Until recently I had no idea that there were so-called agile methods people around who didn’t understand this. It’s just like finding a Japanese martial arts sword “expert” that has never picked up a sword.

Agile is about keeping things lightweight.

People love the easy stuff in XP. Downloading tools like JUnit and Cruise Control. People also love getting really anal about mocks and testing. What they don’t like is refactoring. Organisations that take refactoring seriously are more likely to “get” XP, because refactoring is a skill, not something to consume and it has no up front benefit. It’s the unglamorous, skilled bit that makes the rest sustainable.

Here’s a new word: De-Enterprise - to remove the Industrial Strength, Carrier Grade, 99.999% huge, over-complex, expensive, enterprise looserism stuff you’ve been frightened into buying and replacing it with something that’s fit for purpose and maintainable.
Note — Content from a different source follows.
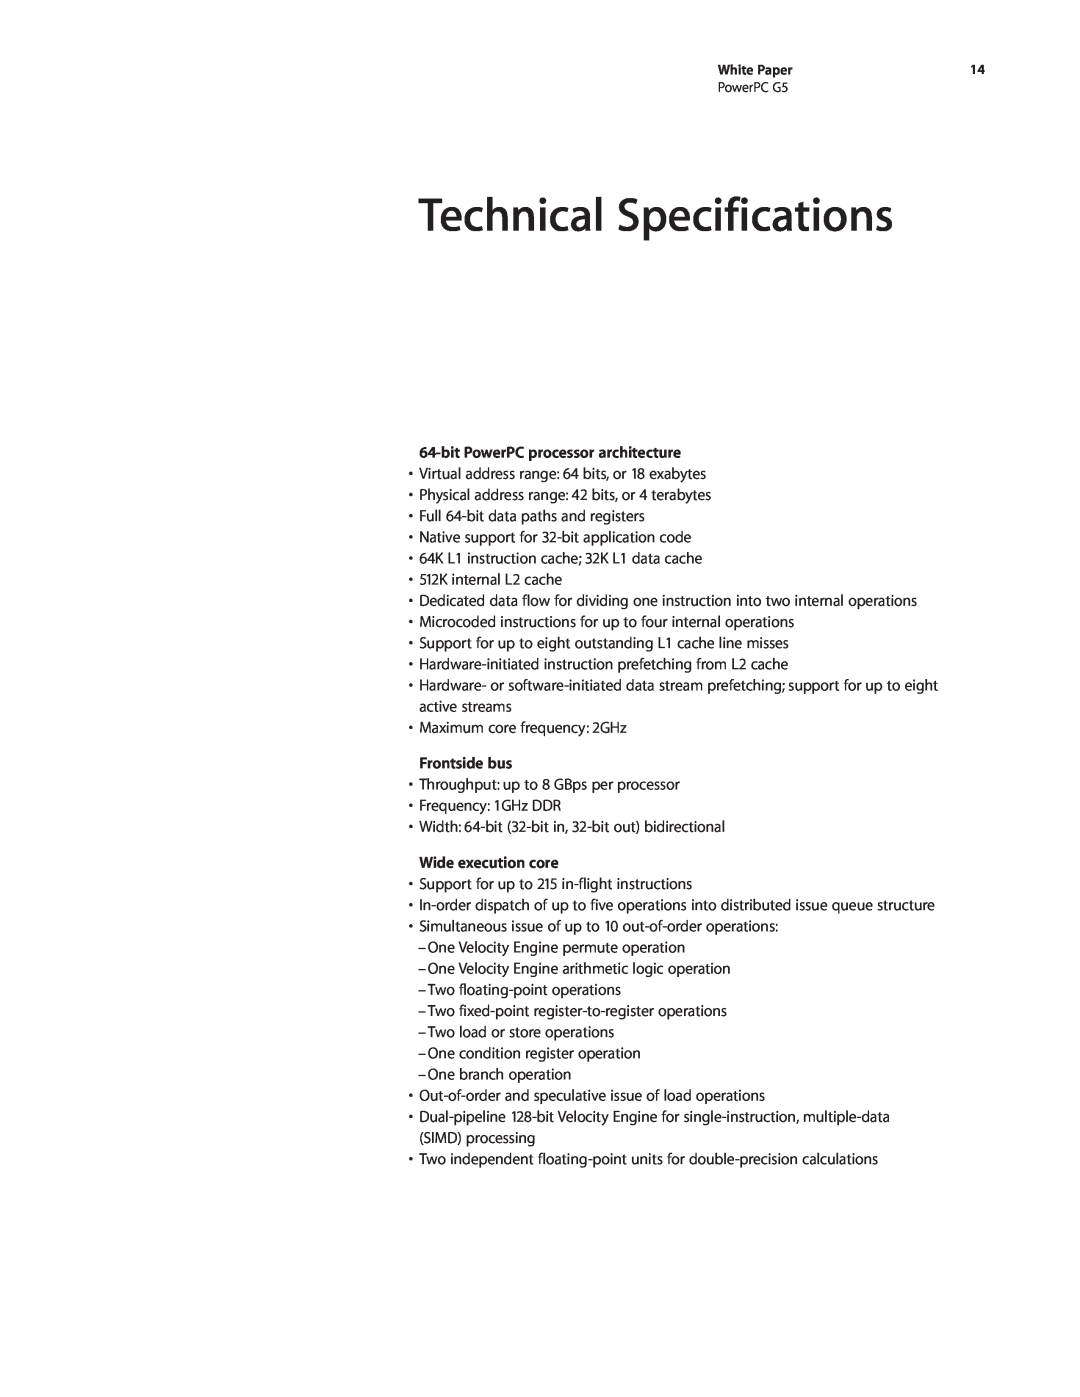 Apple PowerPC G5 manual Technical Specifications, bit PowerPC processor architecture, Frontside bus, Wide execution core

The most pressing technical problem in the software development business is understanding and changing existing systems.

Some people who just want to tear up what’s there and replace it with some half-baked idea they’ve got, or force-fit their sole idea to everything. Real, working code has a habit of becoming complicated. Abstract ideas in the head look a lot nicer. On the journey towards being real, working code, those ideas will accumulate complexity when the rub up against all the things you didn’t see up front in your head. It’s easy to sacrifice complicated working code for what turns out to be complicated broken code.
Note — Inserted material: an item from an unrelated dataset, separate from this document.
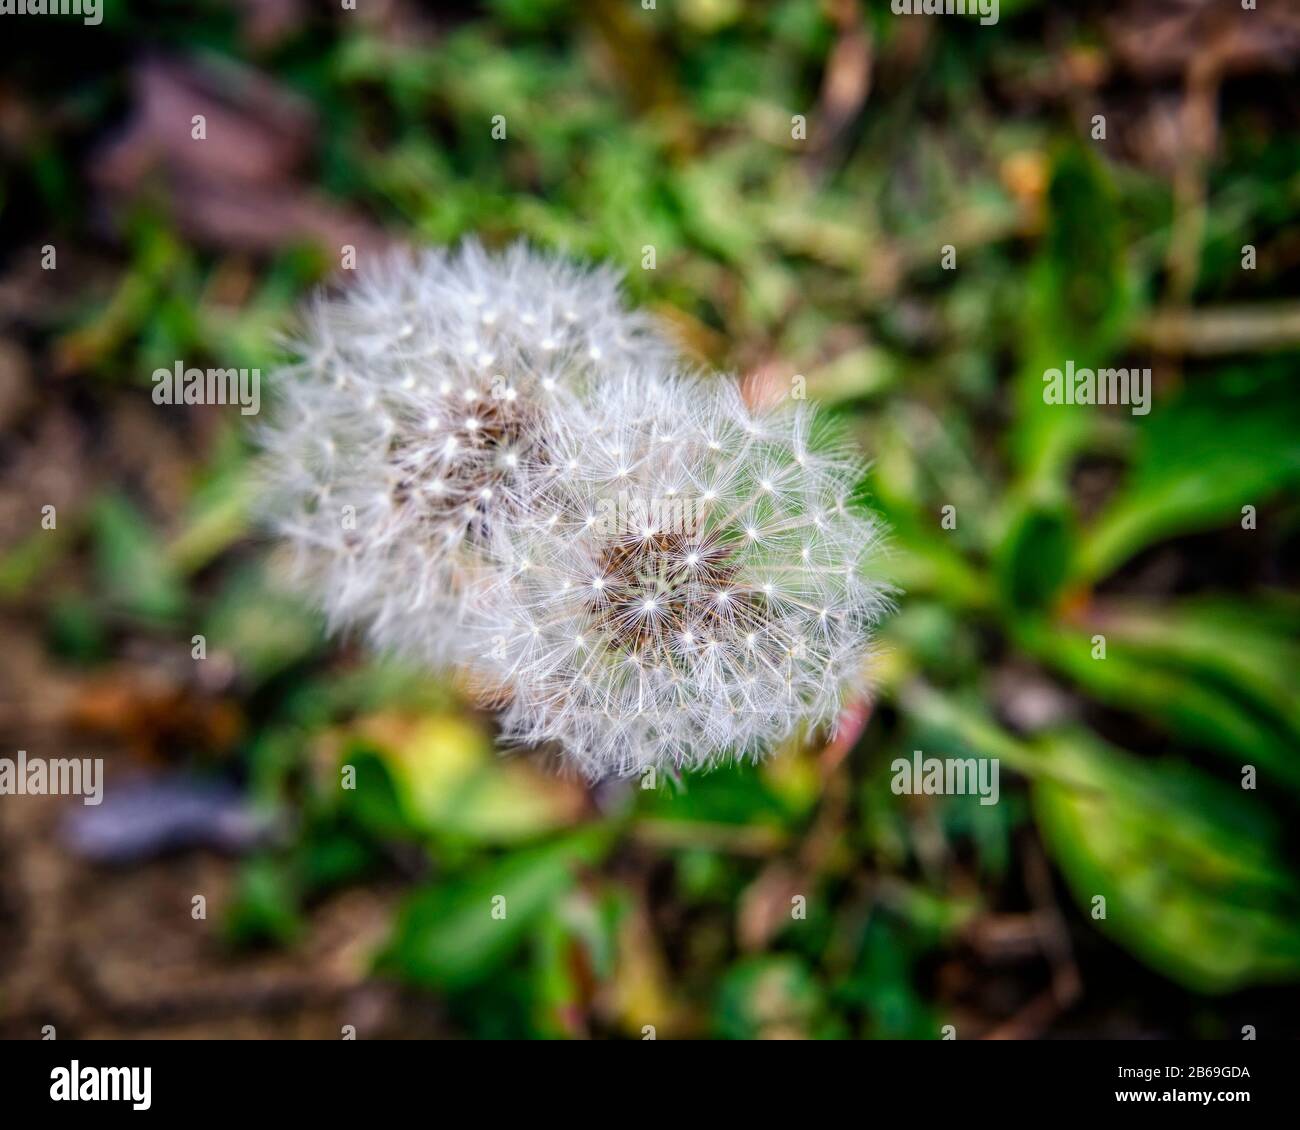 A close-up of a seedhead from a Dandelion (Taraxacum), Los Angeles, CA. Stock Photo

Learning to read and change existing code is a real skill, and there’s a whole bunch of research challenges in code comprehension and refactoring that are needed to keep real, working code alive.

I work with some people who are rather good at this. If you’re not that lucky there’s a few books that can help: “Code Reading” by Diomidis Spinellis and “Working with Legacy Code” by Michael Feathers. It’s a matter of developing “gumption”.

Paul Graham is right about technology choices.

Commodity programming languages are made to be sold to average programmers. Use them and you become a commodity. The “Better, Faster Ligher Java” book was written by somebody who used to sell “enterprise” solutions for a living. He makes it clear that they’ve been made to extract lots of money from executives rather than to be the best tools they can be.

However freaky you might think Paul Graham’s technology choices were, he had the strength of his convictions. He followed through and it worked.

Some people say that he just sold out to yahoo!. I doubt his critics have done any better. He’s probably sitting on a beach somewhere laughing at them.

Technical courage goes a long way.

Most Java and C# programmers have no idea how to do object-oriented programming.

They’re really doing entity-relationship-oriented programming. Trouble is, they’re in the majority so they form a self-reinforcing group that take for granted knowledge and skills that they don’t even realise that they don’t have.

Here are some questions. How many real classes are hidden behind:

What next?

Most people don’t get what we’ve learned about extreme programming, dynamic languages and responsibility-driven design. So given that those things already exist and work well, where do we go next?